Al loro interno c’è un’atmosfera “ovattata” e ogni sensazione che si prova, finanche l’odore, denuncia il corrompersi di qualsiasi fermento vitale. Gli sguardi delle ricoverate sono coperti da una patina opaca e sono rassegnati al vuoto. Le loro parole rimbalzano come echi atoni di un discorso interrotto e soffocato. Vi è poi una quiete strana, non naturale, che isola i rumori e li fa rimbalzare nella testa. Rumori che sono soprattutto quelli delle chiavi delle porte che si aprono, che molto spesso sono cancelli con le sbarre…

Per quanto negli anni Settanta la situazione nei manicomi fosse migliorata rispetto al passato, questi “ospedali” erano ancora opprimenti, erano ancora strumenti di repressione più che di cura, dove ai malati veniva negata la propria soggettività e libertà. Erano dei lager abbelliti, ma sempre dei lager. Non c’erano più le celle e i letti con le cinghie di contenzione e le camicie di forza, non c’era più il reparto degli “agitati”, i degenti non dovevano più indossare le mortificanti divise del manicomio come dei carcerati. All’interno degli ospedali psichiatrici erano comparsi i bar, ogni tanto si faceva qualche festa con musiche e balli e nei manicomi femminili c’erano anche i caschi per la messa impiega…
E poi c’era il famoso “articolo 4”, che consentiva ai pazienti giudicati “idonei” di uscire ogni tanto, per dei periodi, dall’ospedale, sempre con l’obbligo, però, di farvi ritorno.

Nonostante i miglioramenti, l’ospedale psichiatrico non aveva cessato la sua funzione “segregativa”, di isolamento del malato mentale dalla società, negandogli la possibilità di vivere una vita piena e libera.
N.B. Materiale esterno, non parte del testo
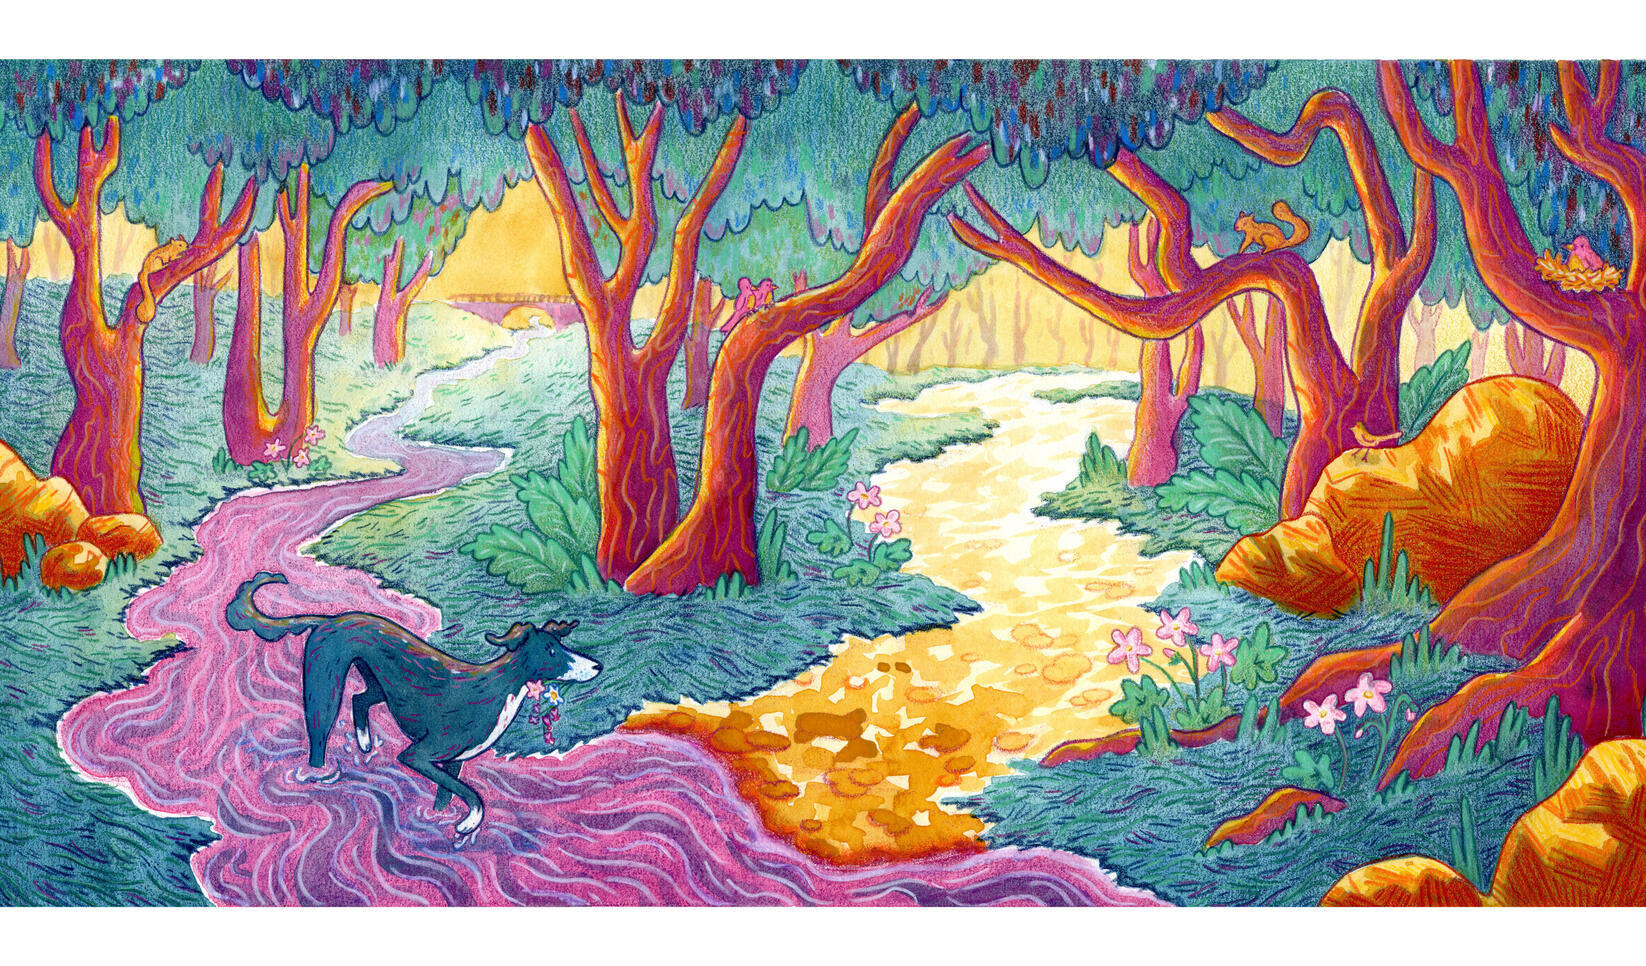 Landscape illustration by Kaila Larson ; Kaila Larson

Si faceva ancora uso abbondante dell’elettroshock, si ricorreva ai bagni freddi e alla terapia con psicofarmaci che toglievano ogni vitalità ai malati, riducendoli a degli automi.

Ancora negli anni Settanta, chi entrava in manicomio era praticamente condannato a non uscirci più (salvo casi molto rari) e più che curato, veniva “calmato”, “sedato”, osservato e studiato dai medici come una specie di cavia da laboratorio. Il suo comportamento era analizzato e stigmatizzato in delle “diagnosi” incolori, anonime e spersonalizzanti, che lo bollavano come delle sentenze inappellabili: “schizofrenico”, “oligofrenico”, “distimico”, “asociale”, “depresso”, “eccentrico”, “euforico”, “paranoico”, “mentalmente debole”, etc…
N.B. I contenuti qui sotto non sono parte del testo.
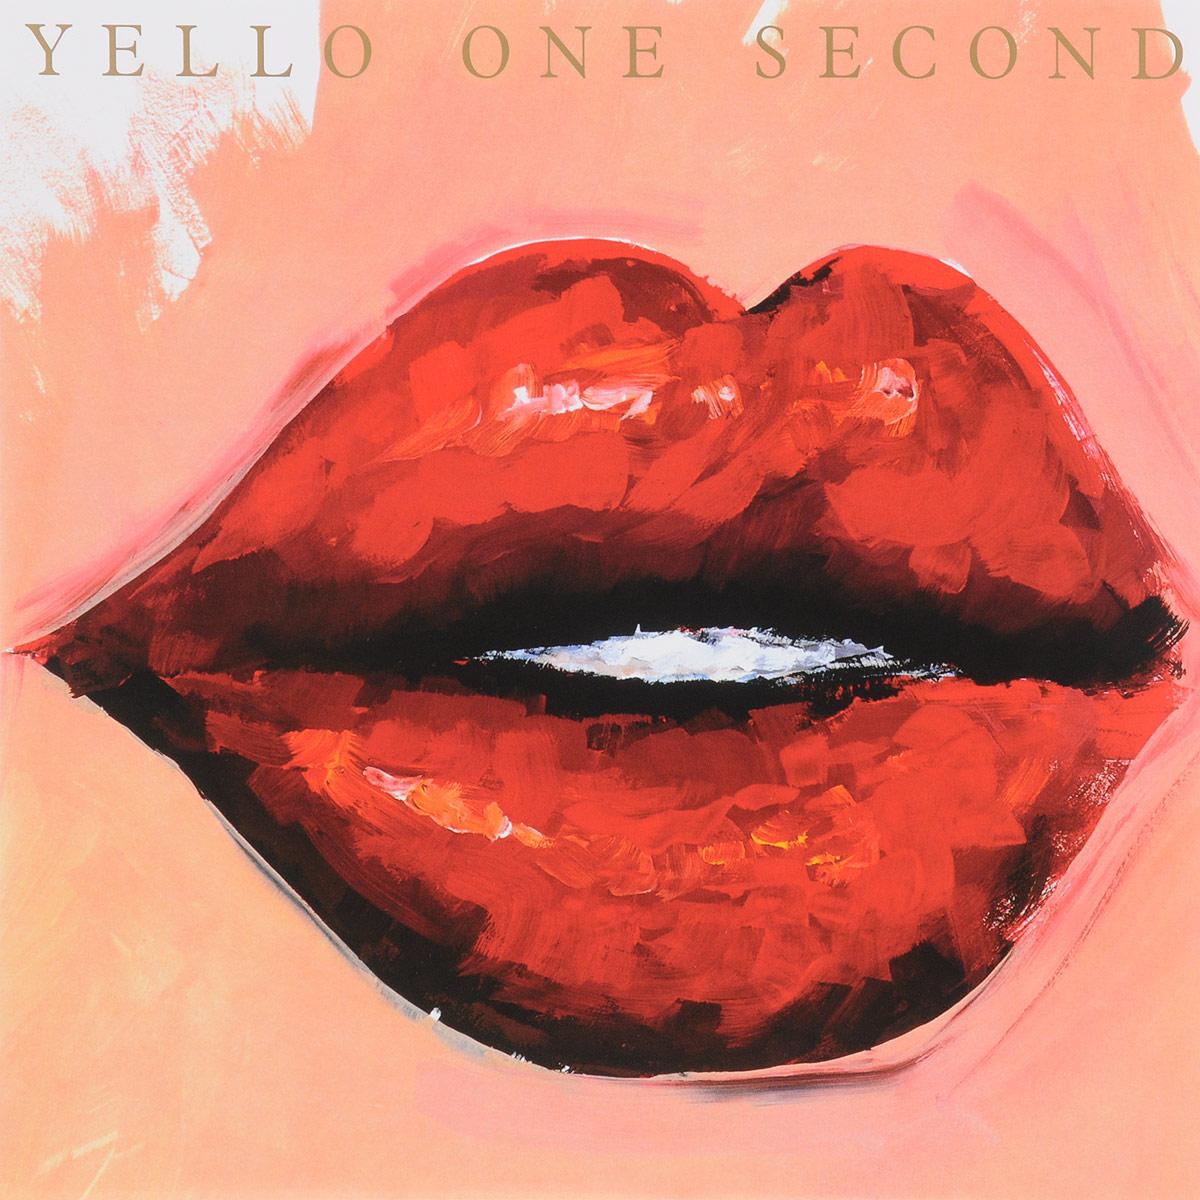 Yello Yello. One Second (LP) yello yello flag

Nelle donne gli effetti della repressione erano ancora più evidenti che negli uomini: infatti le devastanti terapie farmacologiche distruggevano completamente la “femminilità” delle ricoverate, sformando i loro corpi, cancellando gli attributi stessi di quella femminilità.

Ecco, infatti, tralasciando le peculiarità di ciascuna, una breve descrizione delle donne incontrate dalla Morandini, che vale per la maggior parte di esse: “…i capelli arruffati o pettinati senza grazia, flanelle grezze stropicciate, visi lavati ad acqua e sapone o invece caricati di trucchi beffardi, calzini bianchi corti, l’insieme reso rigido e gonfio dalle cure e dai loro effetti volutamente immobilizzanti…”.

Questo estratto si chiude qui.